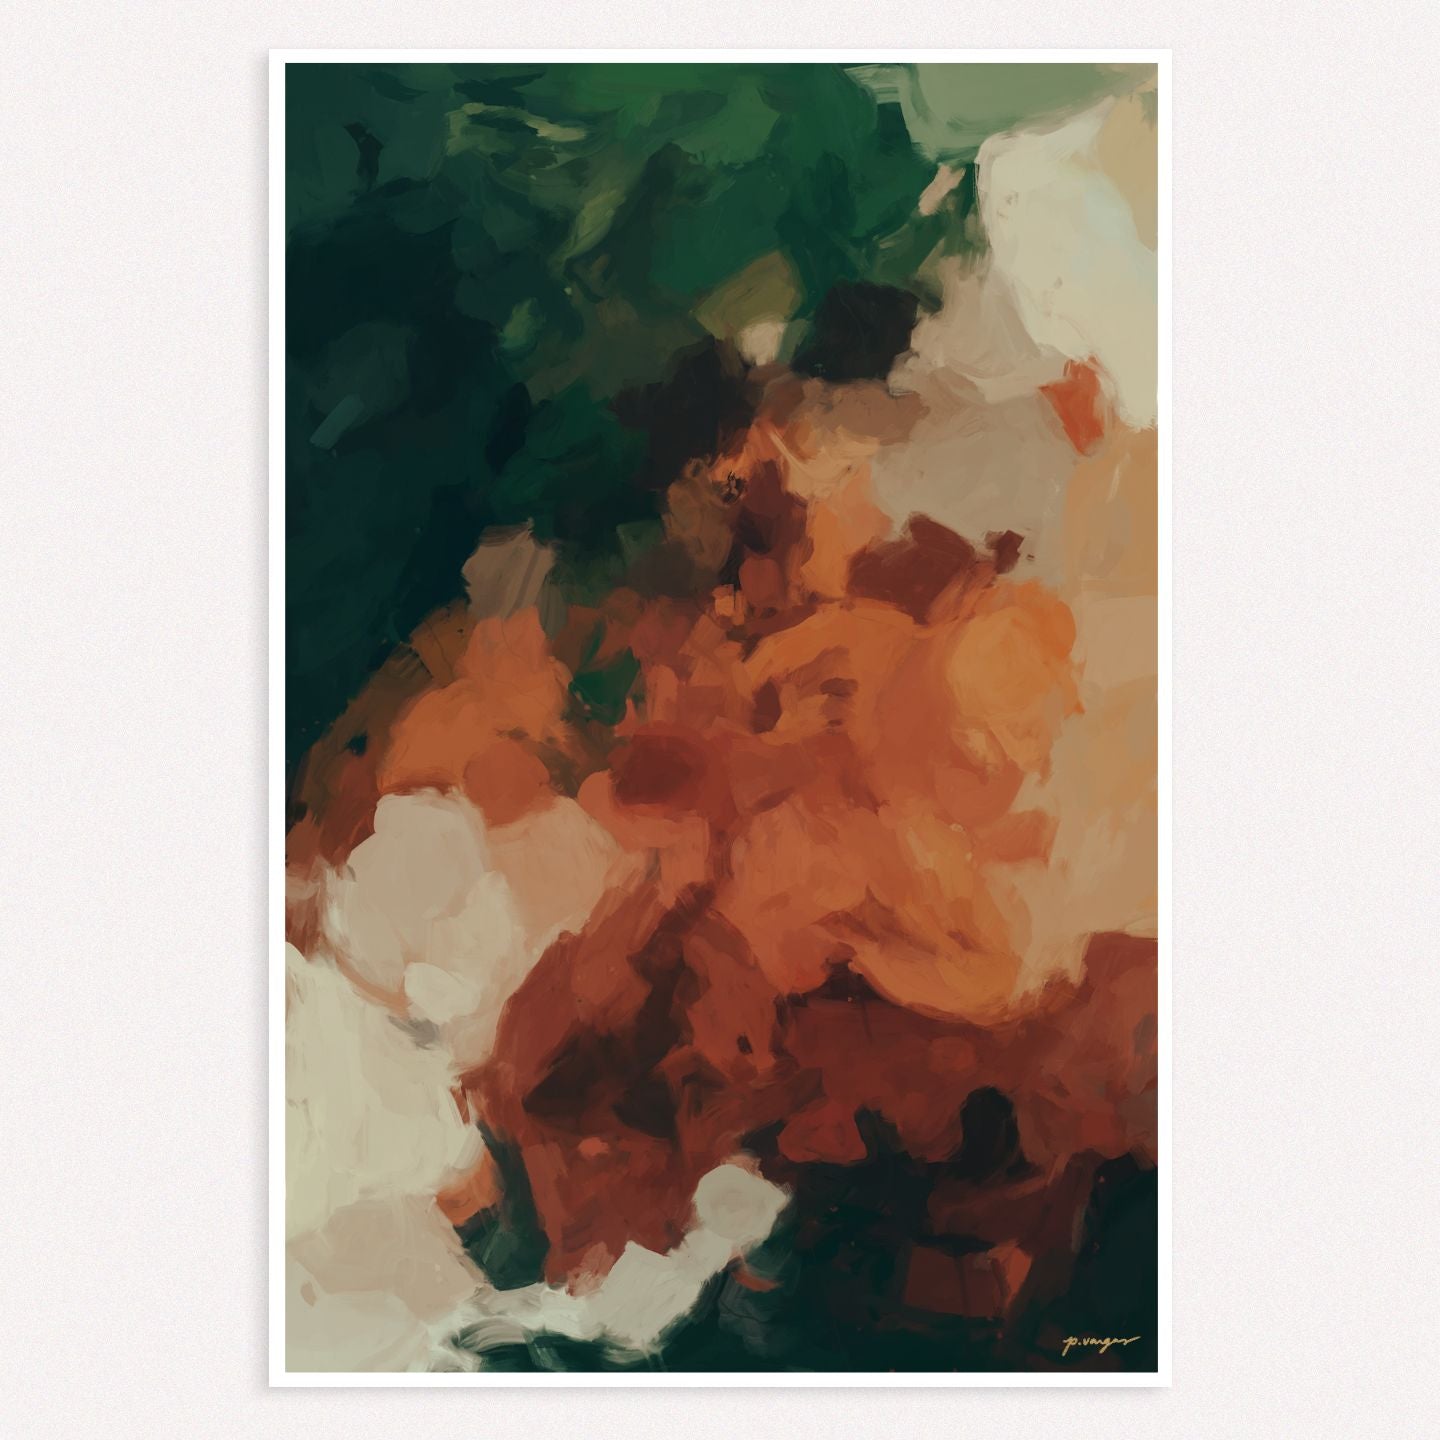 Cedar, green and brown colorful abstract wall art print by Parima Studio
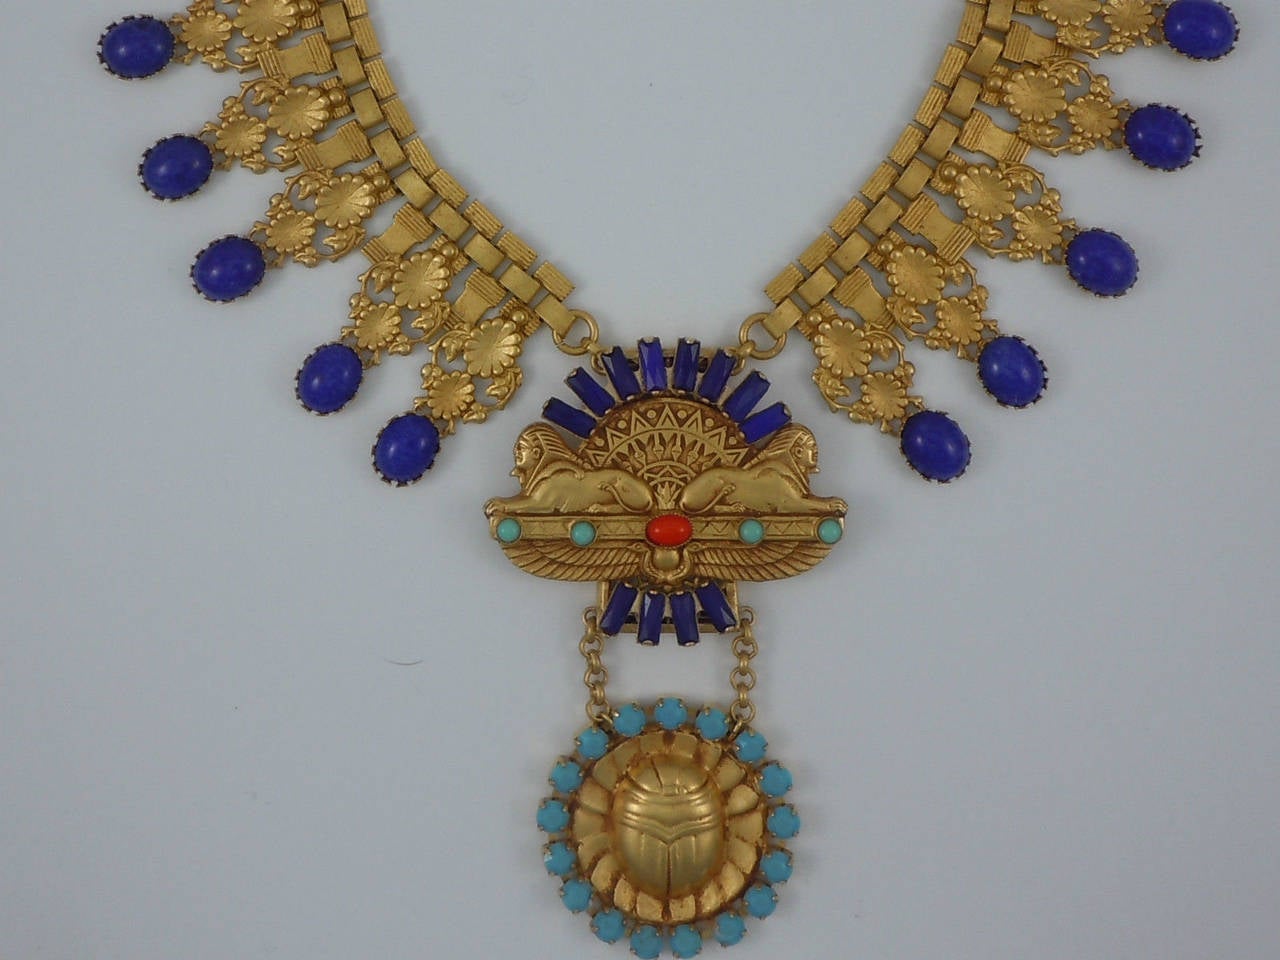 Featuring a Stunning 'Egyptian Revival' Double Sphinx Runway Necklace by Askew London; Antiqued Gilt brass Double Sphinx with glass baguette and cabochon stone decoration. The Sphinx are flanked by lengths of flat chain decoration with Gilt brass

==

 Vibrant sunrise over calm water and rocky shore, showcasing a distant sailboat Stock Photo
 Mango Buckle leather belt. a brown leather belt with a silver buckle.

--

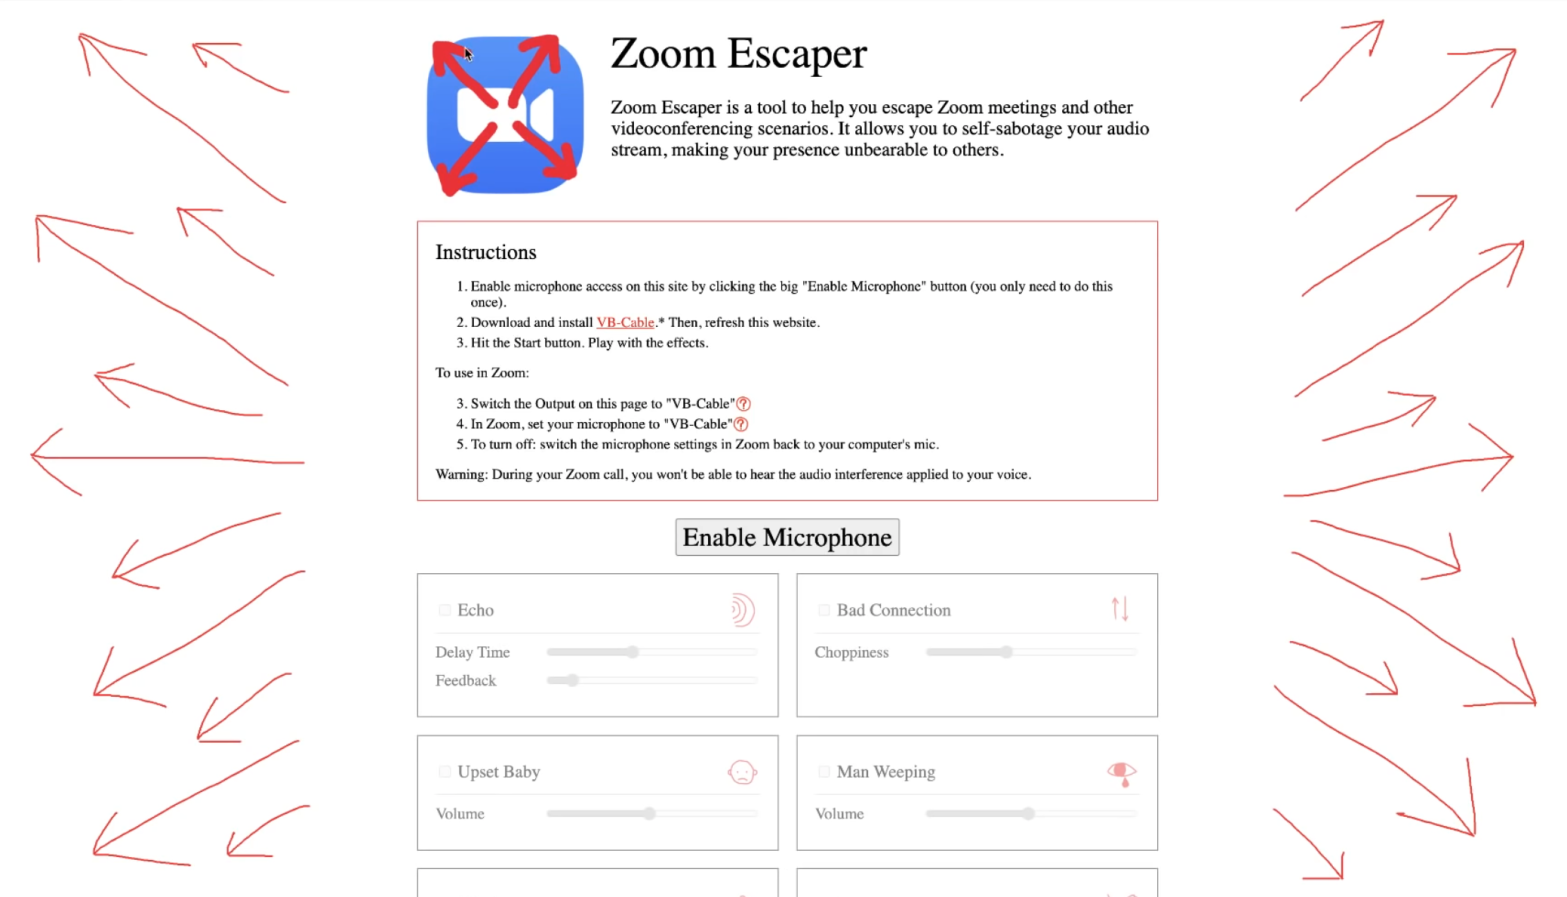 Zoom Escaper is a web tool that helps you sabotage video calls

[The task]:
The required output is the stretch of entries above from the line containing "Vibrant sunrise over" through the line containing "Mango Buckle leather", reproduced exactly.

[Your response]:
 Vibrant sunrise over calm water and rocky shore, showcasing a distant sailboat Stock Photo
 Mango Buckle leather belt. a brown leather belt with a silver buckle.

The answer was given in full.